The country's biggest union Unite, this week launched a new credit union service, which it says it hopes will offer members finance without fear.
The service is open to all 1.4 million Unite members in England, Scotland and Wales and uses a network of 14 existing credit unions.
It means that the trade union's members can link up with a credit union that is already established in their region when they need help with their finances, rather than being forced into the arms of rip-off payday lenders, with interest charges topping 5,000 per cent APR.
Unite general secretary Len McCluskey said: "The new credit union service helps keep our members out of the clutches of parasitic lenders."

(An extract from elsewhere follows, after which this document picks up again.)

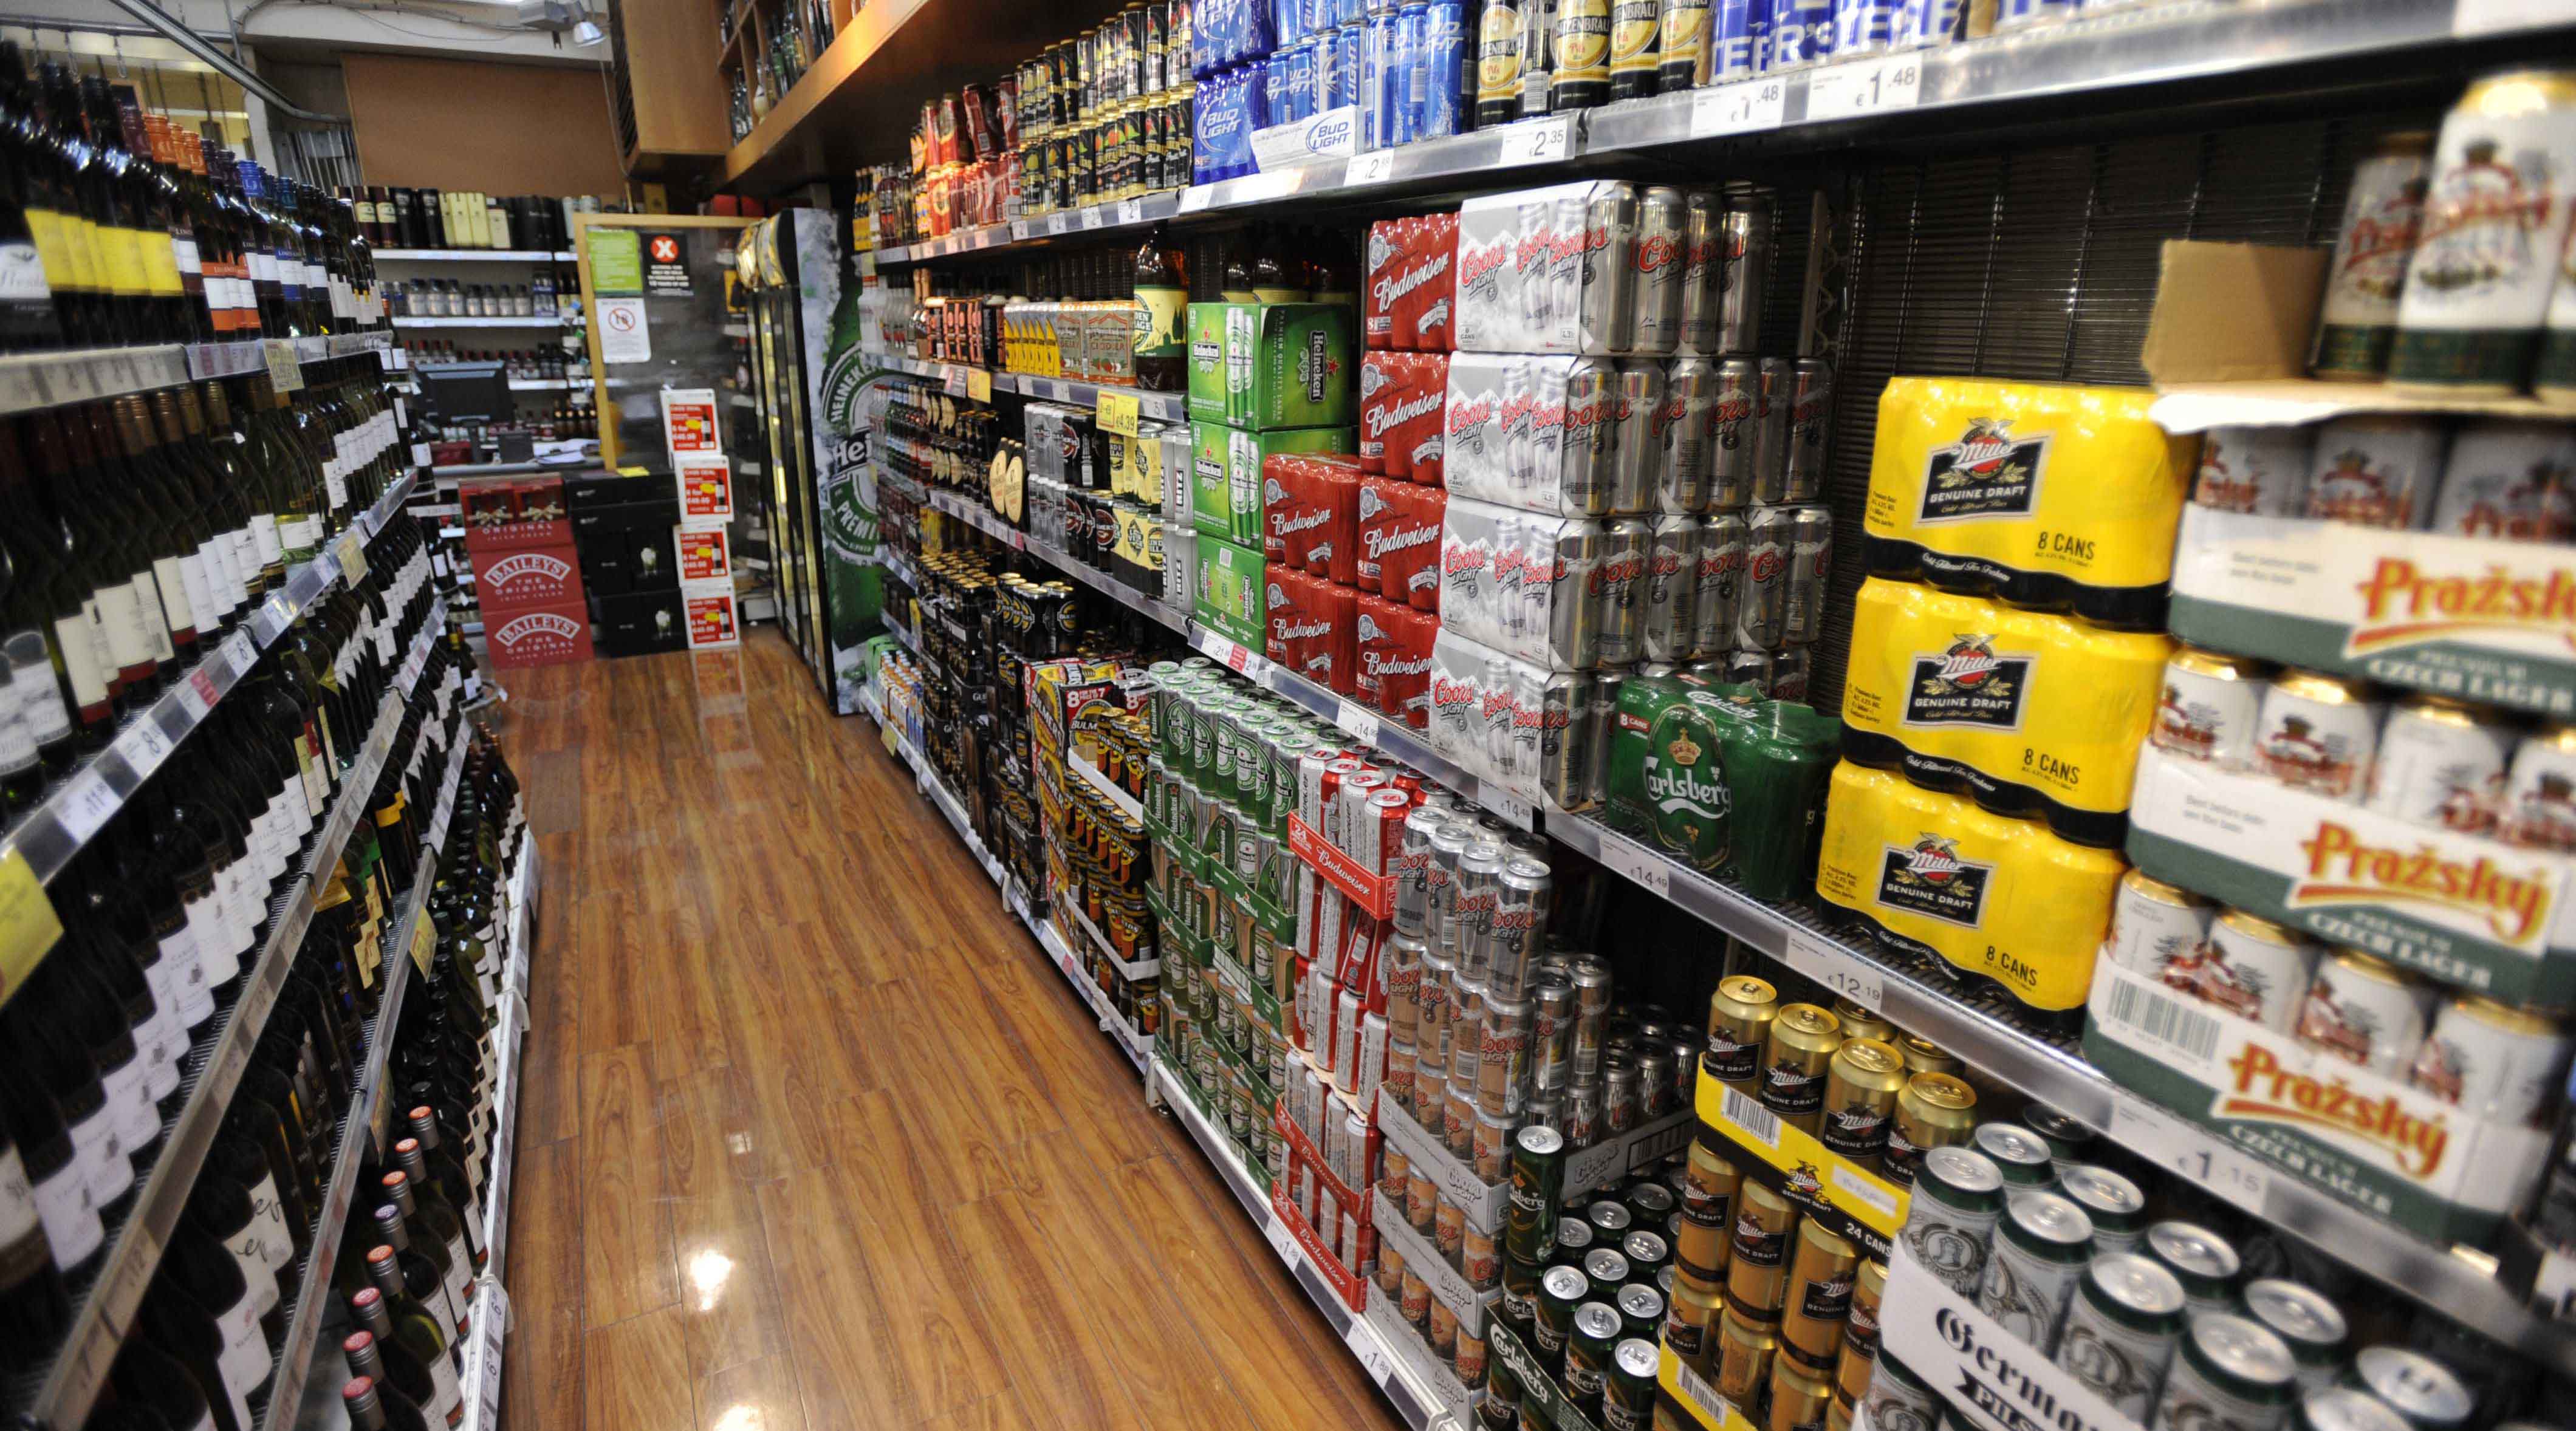 Although alcohol sales showed growth of 18% year-on-year, this growth was behind the growth in other categories although it appeared to be steadily growing week-on-week.
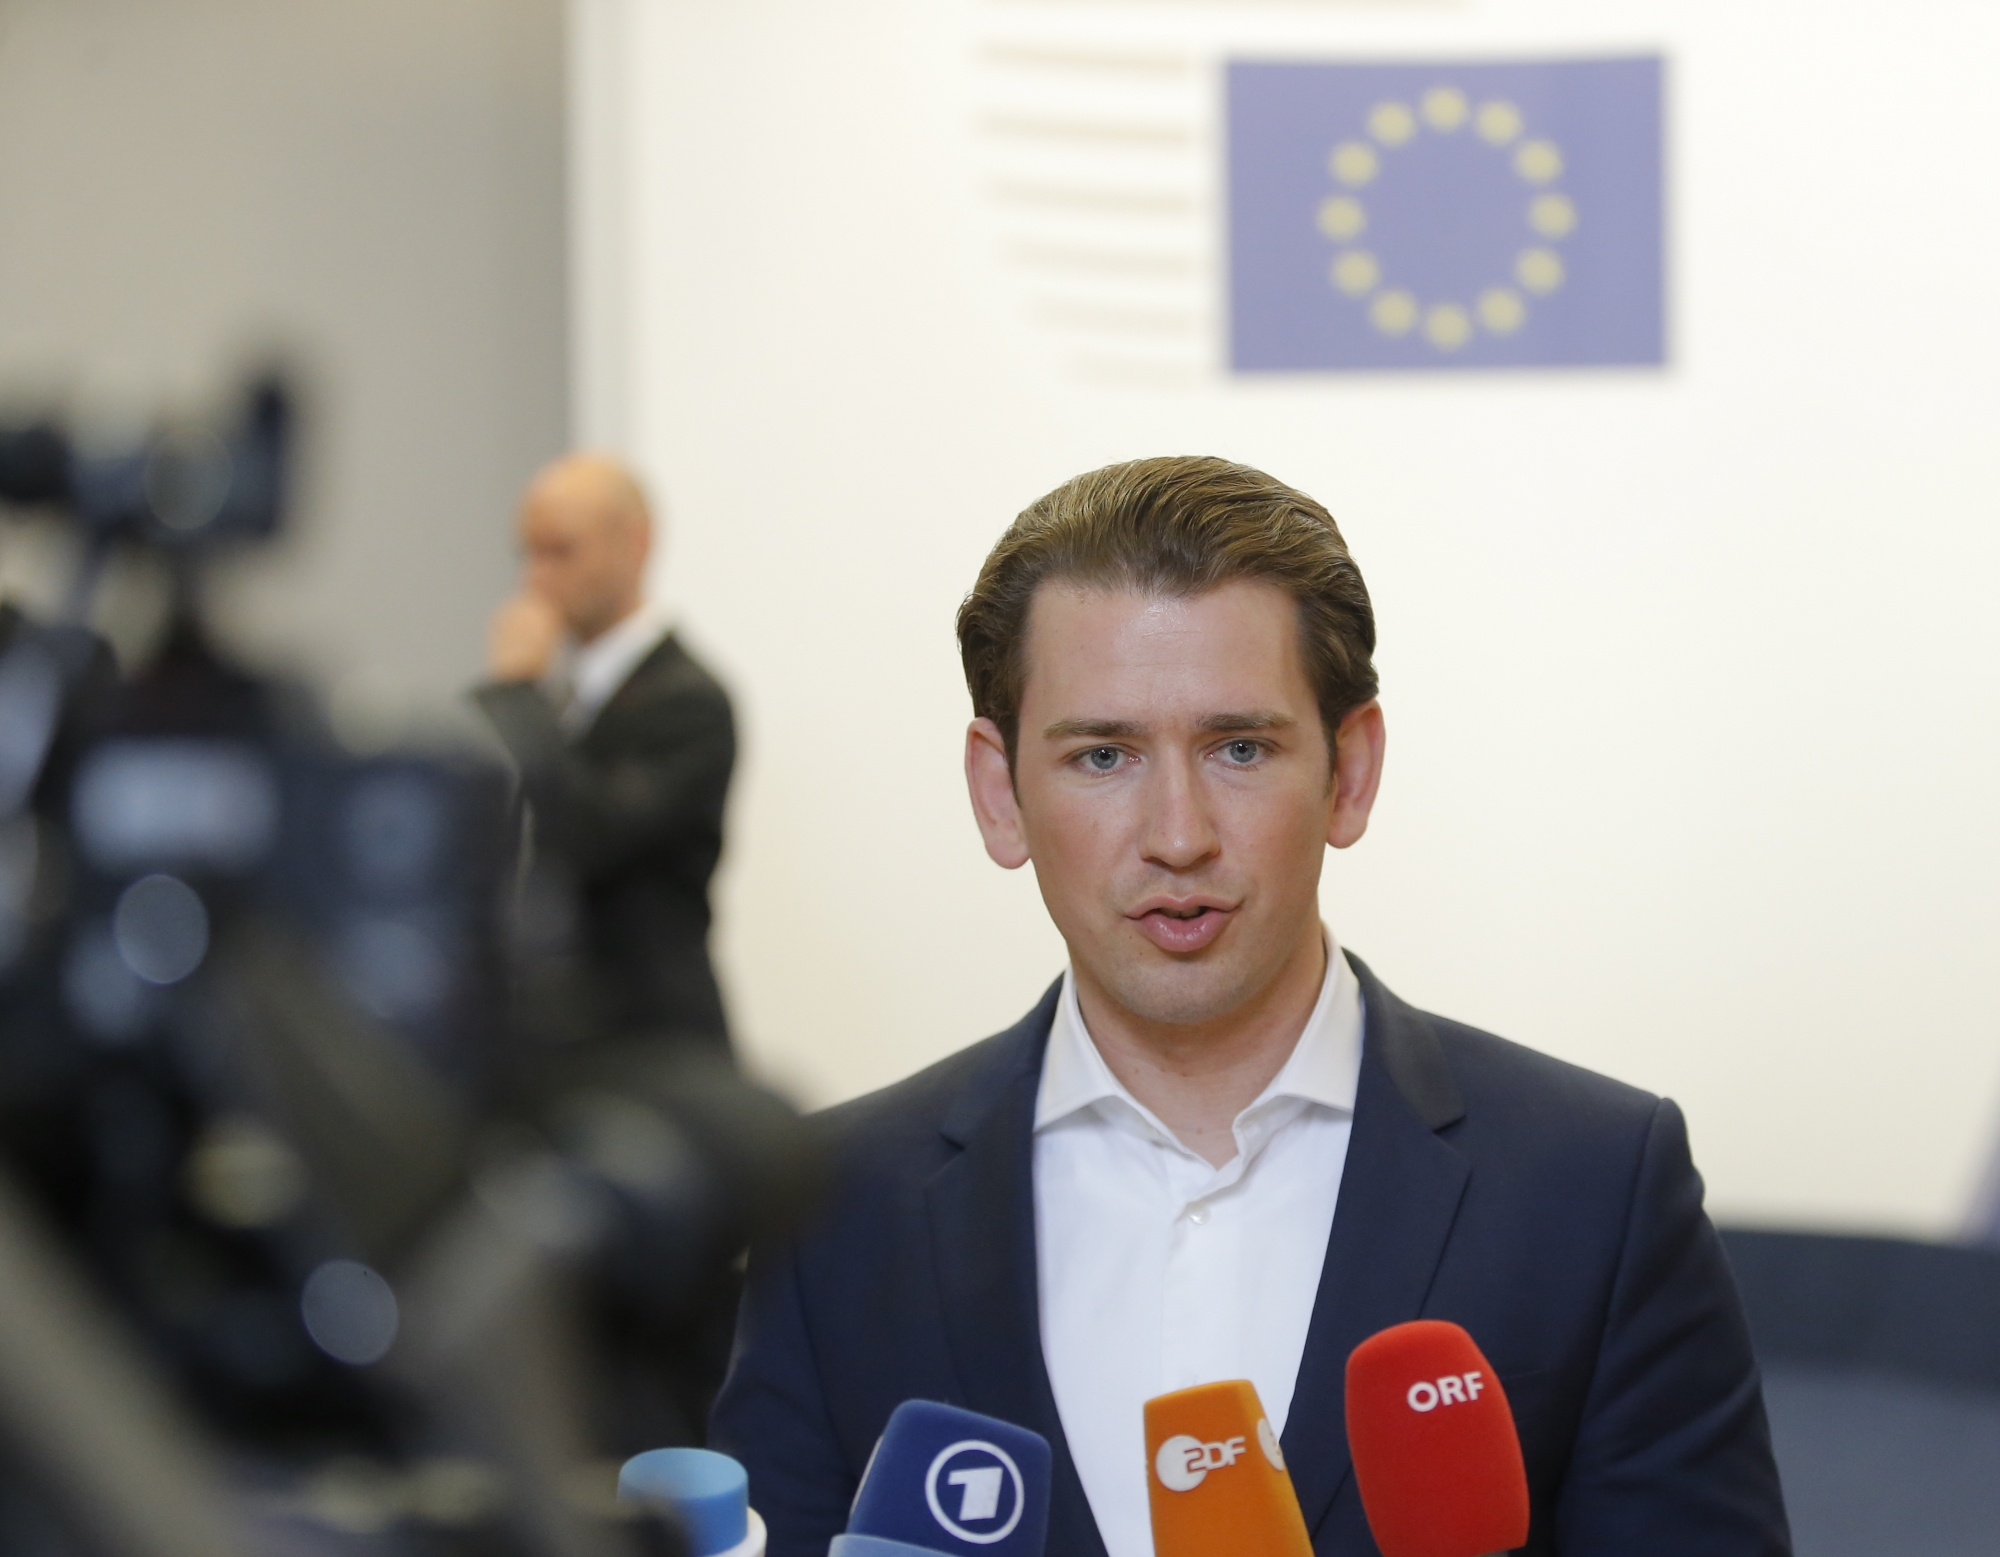 epa06849076 Austria's Chancellor Sebastian Kurz speaks at the end of a night of negotiation on migration during an European Council summit in Brussels, Belgium, 29 June 2018. EU countries' leaders met on 28 and 29 June for a summit to discuss migration in general, the installation of asylum-seeker processing centers in northern Africa, and other security- and economy-related topics including Brexit.  EPA/OLIVIER HOSLET BELGIUM EU COUNCIL SUMMIT

Moves that help people avoid being tempted into taking rip-off loans they can't afford are pleasing. So I also welcome the University of Bedfordshire to the growing list of universities around the country that has banned payday lender advertising from campus.
Bedfordshire has agreed to ban all advertising from payday lenders on the University's and Student's Union's sites, websites and publications, joining the likes of Keele University, University of Sheffield and Swansea University, which are already supporting the National Union of Student's Shark-free zones campaign.
I was also pleased to read this week about a group of mums in Swansea who have mounted a campaign against irresponsible doorstep lenders which led them to last month's Labour Party conference where they secured a pledge from the politicians to put a cap on the cost of credit.
At last it seems the net of justice is closing on irresponsible lenders.